Participants
A sample of 27 LGA mother-neonate pairs were recruited from the SJD Barcelona Children’s Hospital (Catalonia, Spain) between April 2019 and January 2020. Two cases were excluded because the FFR signal could not be identified (i.e., the FFR’s signal-to-noise ration computed in the consonant transition and/or vowel regions <0; see below). Thus, the final sample included 25 LGA neonates and 25 neonates born AGA, all paired by sex and gestational age (GA) at birth (Table 1). AGA neonates were drawn from a larger cohort assessed in a previous study39. In case that a LGA case could be paired with more than one AGA neonate, the AGA pair was selected randomly using Matlab (R2019b, Mathworks) .

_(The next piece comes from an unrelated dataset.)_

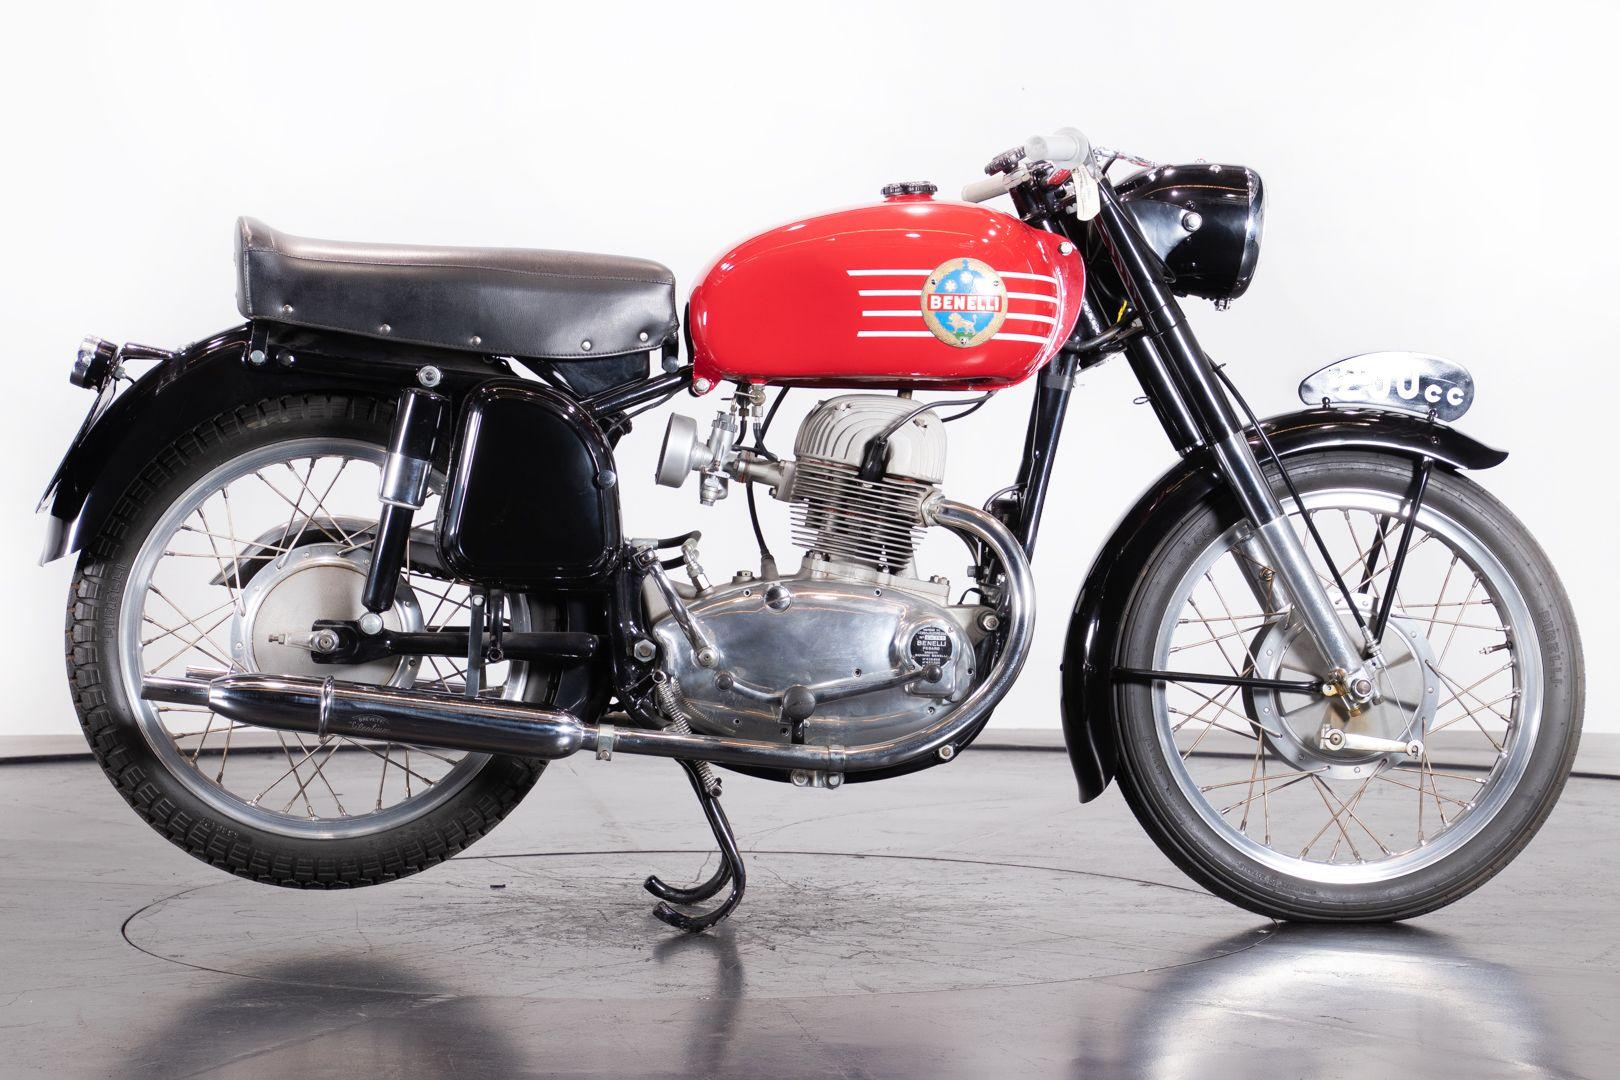 1955 Benelli 250 Leonessa 74304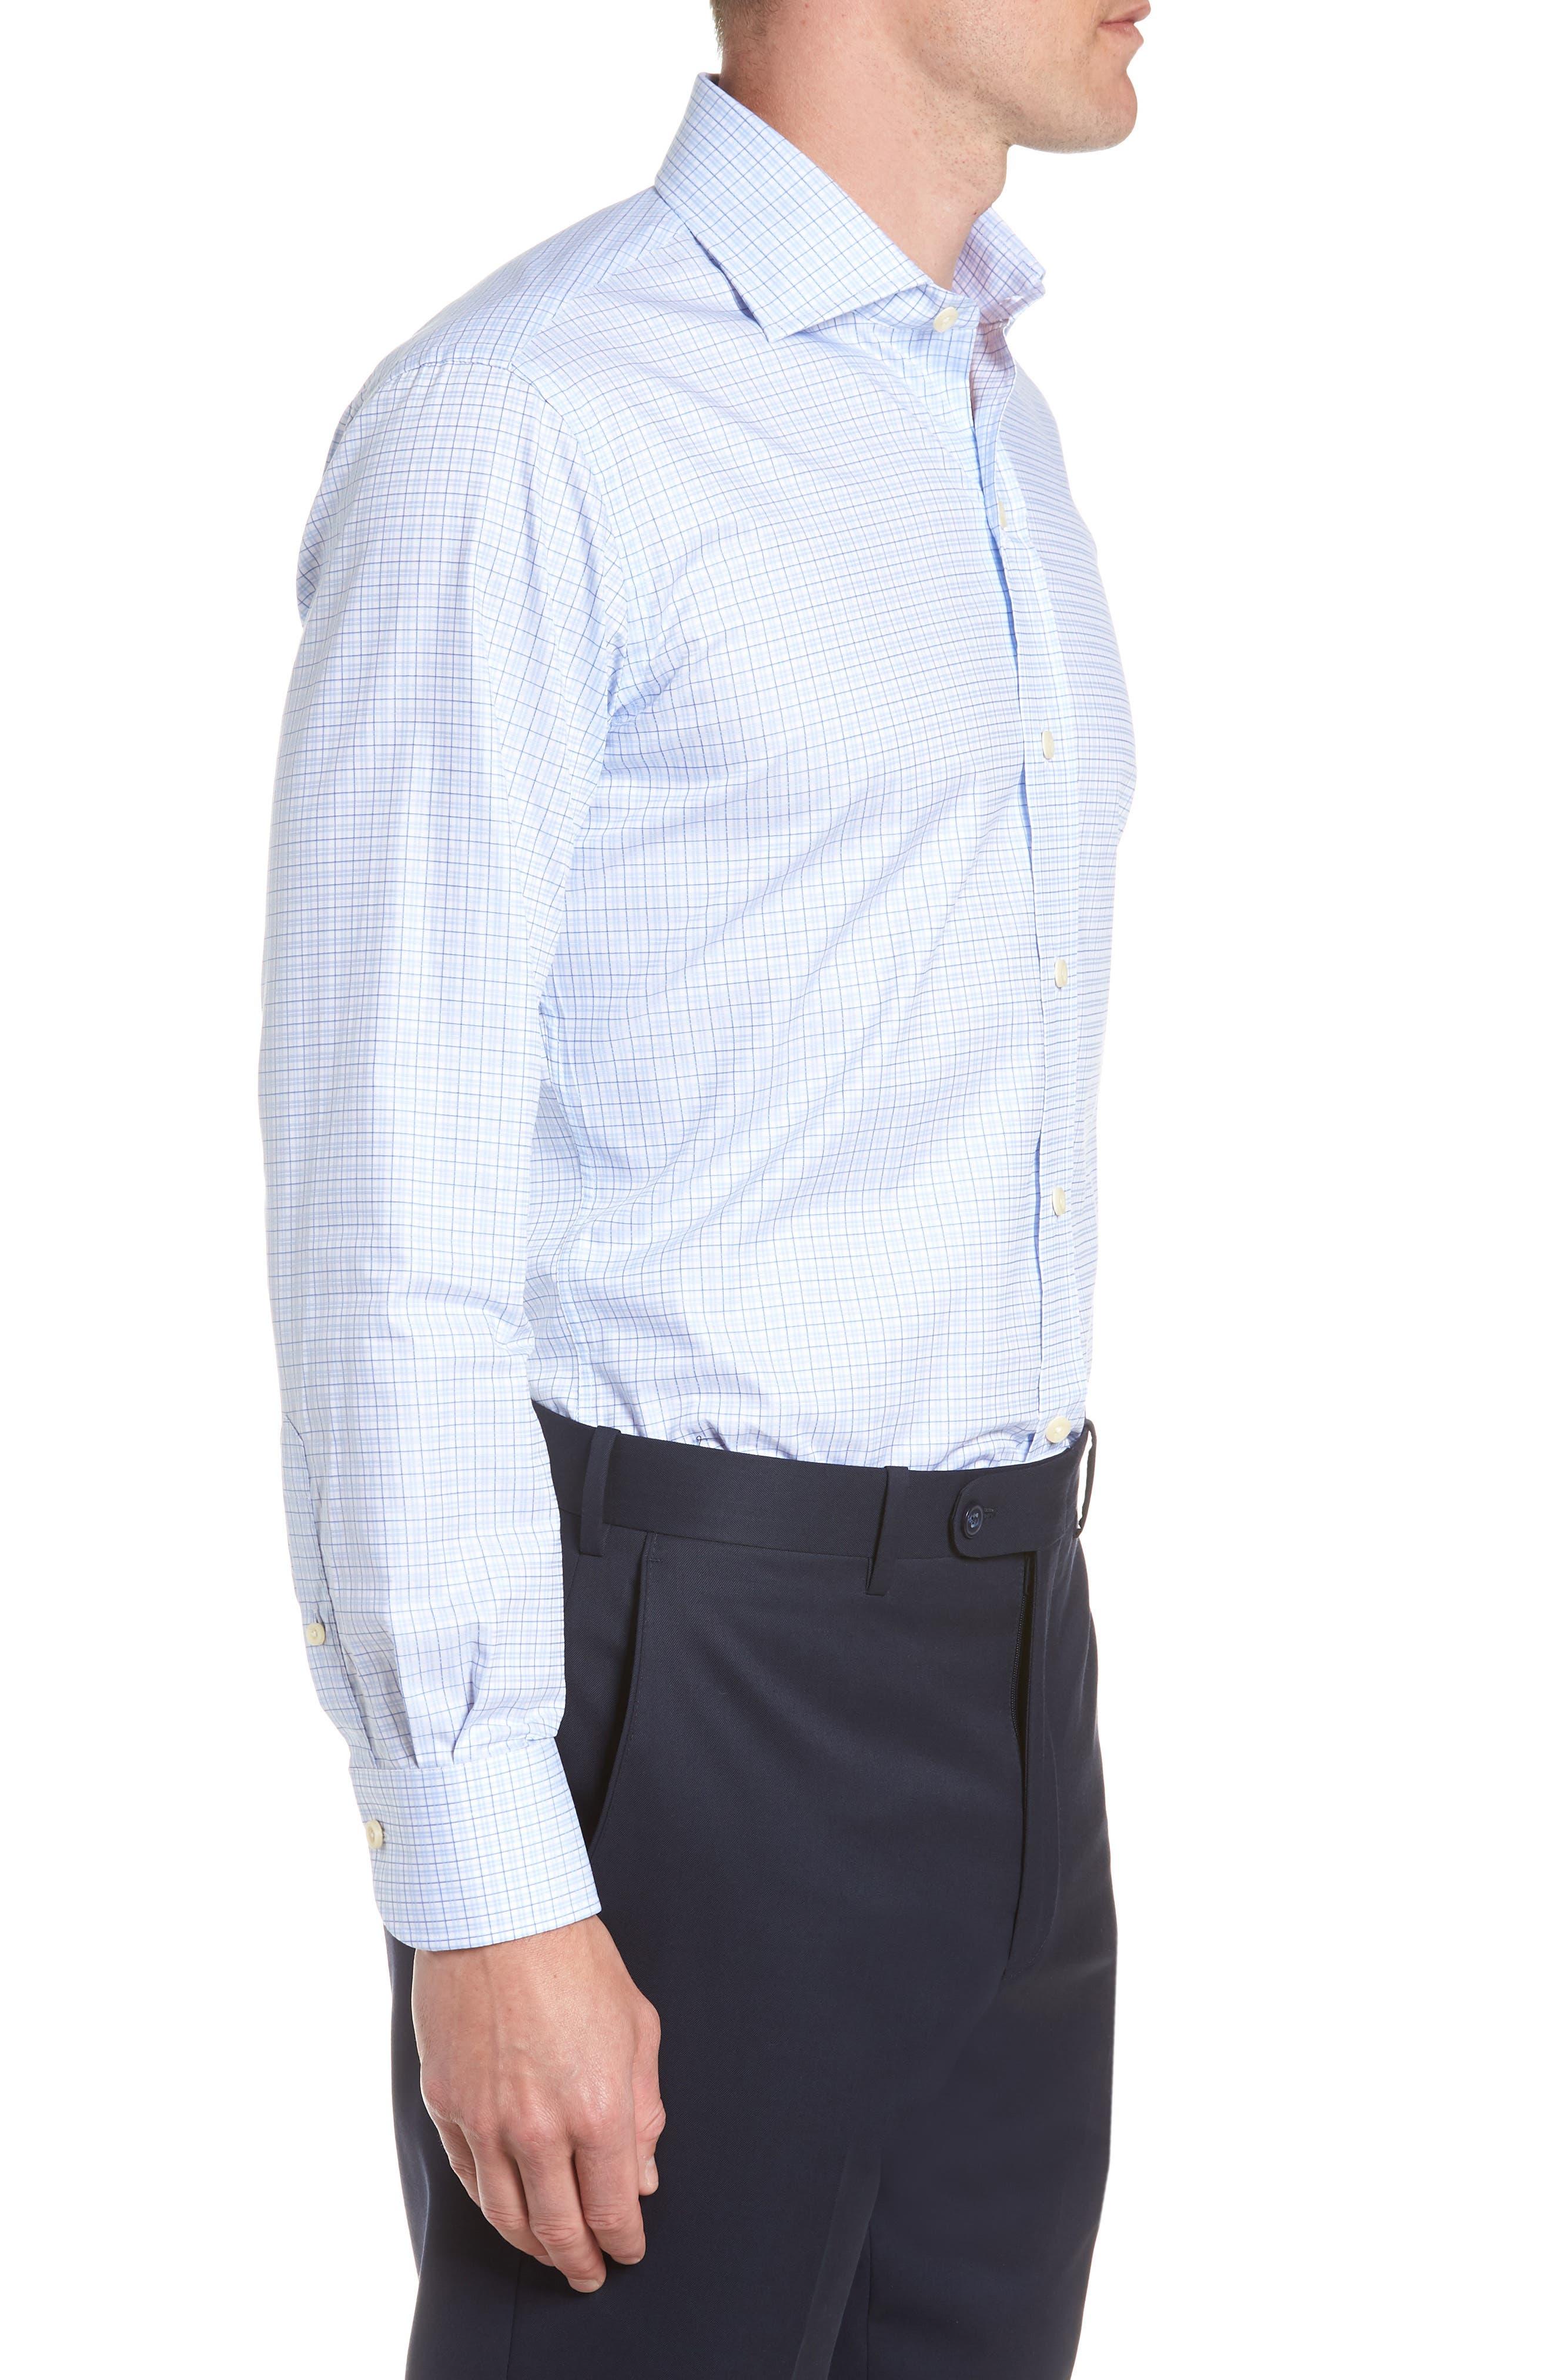 Moorland Trim Fit Check Dress Shirt,                             Alternate thumbnail 4, color,                             Blue

AGA and LGA neonates were defined as those with a birth weight between >10th and ≤90thpercentiles and >90th percentile, respectively55. Exclusion criteria were multiple gestations, preterm delivery, preeclampsia, chromosomal or major structural abnormalities or risk factors associated with hearing impairment56. Also, since pre-gestational and gestational diabetes mellitus have been associated with increased risk of maternal and perinatal adverse outcomes57,58, cases affected by these clinical conditions were also excluded. To monitor and detect a possible late gestational diabetes debut, in addition to the O’Sullivan test and the subsequent oral glucose tolerance test (OGTT) implemented for positive O’Sullivan cases, a further OGTT was carried out in those pregnant women with a fetus diagnosed of LGA. This further OGTT was implemented after the LGA diagnosis following the hospital LGA care guide, resulting in a negative result in all our cases. The specific protocol of this study was approved by the institutional Ethics Committee of Clinical Research (CEIC) of the Sant Joan de Déu Foundation (Approval ID: PIC-53-17) and all parents gave the informed consent in compliance with the Declaration of Helsinki.